Web login broken after upgrade to 19

Nextcloud version: 19.0.1
Operating system and version: Debian 10
Apache or nginx version: 2.4.38-3+deb10u3
PHP version: 7.4.8

Logging in via the web interface doesn’t work anymore after upgrading Nextcloud from version 18 to 19. Before the upgrade everything worked fine.

The android Nextcloud app and caldav clients can still access Nextcloud, I assume via its API, with the same credentials.

The problem also occurs trying to log in from a different computer, even also from an android phone.

Nextcloud runs in a docker container (image nextcloud:19.0.1), in a Kubernetes cluster. That was not a problem before the Nextcloud upgrade.

Is this the first time you’ve seen this error? : yes.

Steps to replicate it:

  1. Use a browser to access the Nextcloud web interface.
  2. Enter credentials in the login screen, and click “Log in”.
  3. The resulting page is the login screen again.

Some extra information:

The output of your Nextcloud log in Admin > Logging:
I cannot access those because of the login problem.
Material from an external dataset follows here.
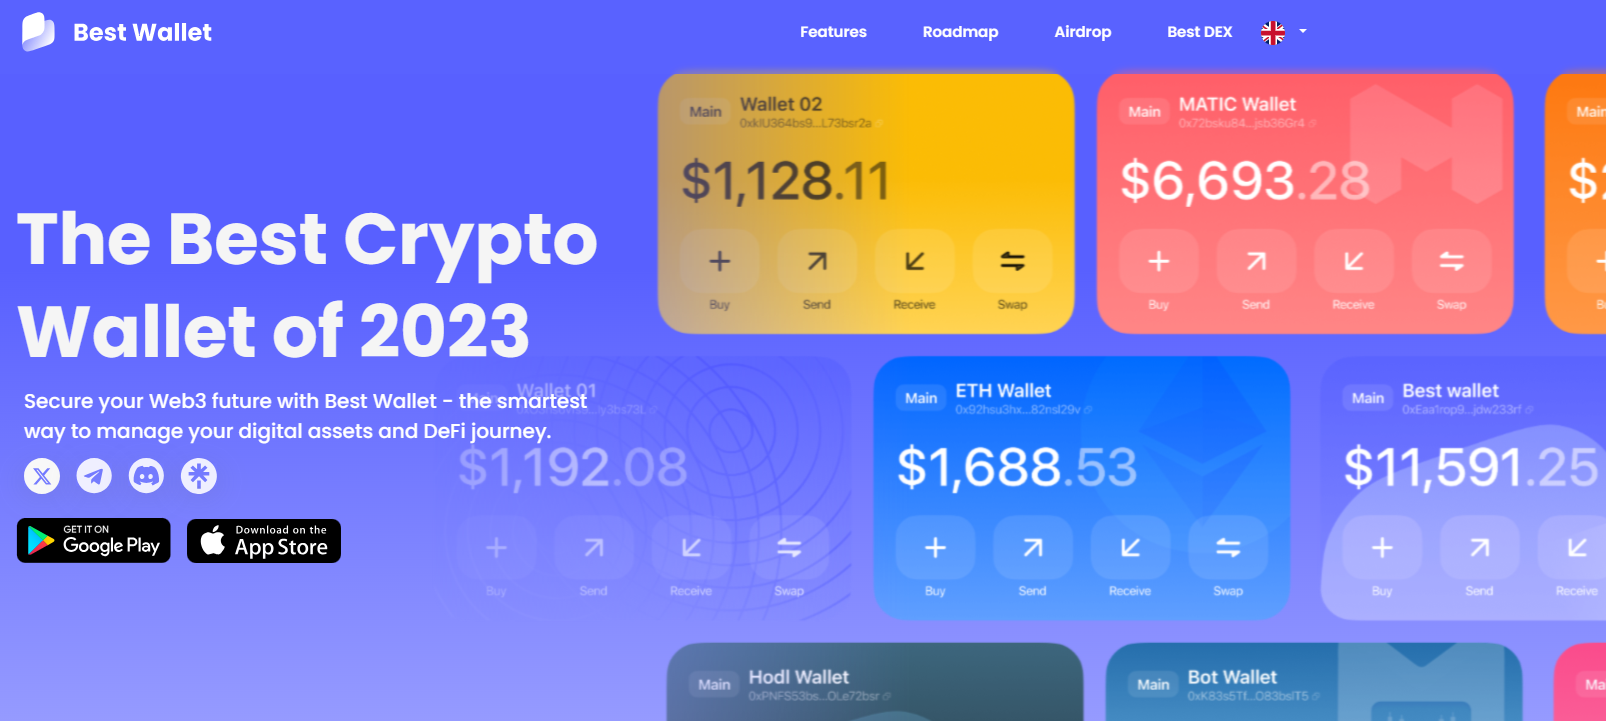 best wallet best crypto app homepage

/var/www/html/config/config.php:

<?php
$CONFIG = array (
  'htaccess.RewriteBase' => '/',
  'memcache.local' => '\\OC\\Memcache\\APCu',
  'apps_paths' => 
  array (
    0 => 
    array (
      'path' => '/var/www/html/apps',
      'url' => '/apps',
      'writable' => false,
    ),
    1 => 
    array (
      'path' => '/var/www/html/custom_apps',
      'url' => '/custom_apps',
      'writable' => true,
    ),
  ),
  'passwordsalt' => '[...]',
  'secret' => '[...]',
  'trusted_domains' => 
  array (
    0 => '[...]',
  ),
  'datadirectory' => '/var/www/html/data',
  'dbtype' => 'mysql',
  'version' => '19.0.1.1',
  'overwritehost' => '[...]',
  'overwriteprotocol' => 'https',
  'dbname' => 'nextcloud',
  'dbhost' => 'datni-mariadb',
  'dbport' => '',
  'dbtableprefix' => 'oc_',
  'instanceid' => '[...]',
  'mysql.utf8mb4' => true,
  'dbuser' => 'nextcloud',
  'dbpassword' => '[...]',
  'installed' => true,
  'ldapIgnoreNamingRules' => false,
  'ldapProviderFactory' => 'OCA\\User_LDAP\\LDAPProviderFactory',
  'maintenance' => false,
  'theme' => '',
  'loglevel' => 2,
);

Webserver logs of a login attempt:

10.42.0.208 - - [20/Sep/2020:20:21:20 +0000] "GET /csrftoken HTTP/1.1" 200 806 "-" "Mozilla/5.0 (X11; Linux x86_64; rv:68.0) Gecko/20100101 Firefox/68.0"
10.42.0.208 - - [20/Sep/2020:20:21:40 +0000] "POST /login HTTP/1.1" 200 4829 "-" "Mozilla/5.0 (X11; Linux x86_64; rv:68.0) Gecko/20100101 Firefox/68.0"
10.42.0.208 - - [20/Sep/2020:20:21:40 +0000] "GET /apps/theming/js/theming?v=5 HTTP/1.1" 200 955 "-" "Mozilla/5.0 (X11; Linux x86_64; rv:68.0) Gecko/20100101 Firefox/68.0"
10.42.0.208 - - [20/Sep/2020:20:21:40 +0000] "GET /apps/accessibility/js/accessibility?v=0 HTTP/1.1" 200 845 "-" "Mozilla/5.0 (X11; Linux x86_64; rv:68.0) Gecko/20100101 Firefox/68.0"
10.42.0.208 - - [20/Sep/2020:20:21:40 +0000] "GET /cron.php HTTP/1.1" 200 875 "-" "Mozilla/5.0 (X11; Linux x86_64; rv:68.0) Gecko/20100101 Firefox/68.0"

Interestingly the POST to /login seems successful, it returns a 200 code.

This is still unsolved unfortunately. I set up a new nextcloud instance with the same version and the same ldap settings to compare it with. That one works without problems, so there’s something in the history of the broken instance that makes it not work, perhaps due to the nextcloud version upgrade?

Comparing the apache logs for both instances, the working one gives a 303 response to the POST to /login, whereas the broken one gives a 200. I still don’t know why though.

This was never really solved. I finally recovered by creating a new Nextcloud installation and manually copying all database contents and some files (user files, some app data) to the new installation.

Unconfirmed hypothesis: this problem is caused by an upgrade or migration process that is terminated prematurely by the pod’s liveness probe. I’ve for now disabled the liveness probe to prevent this problem with future updates, let’s hope it never returns.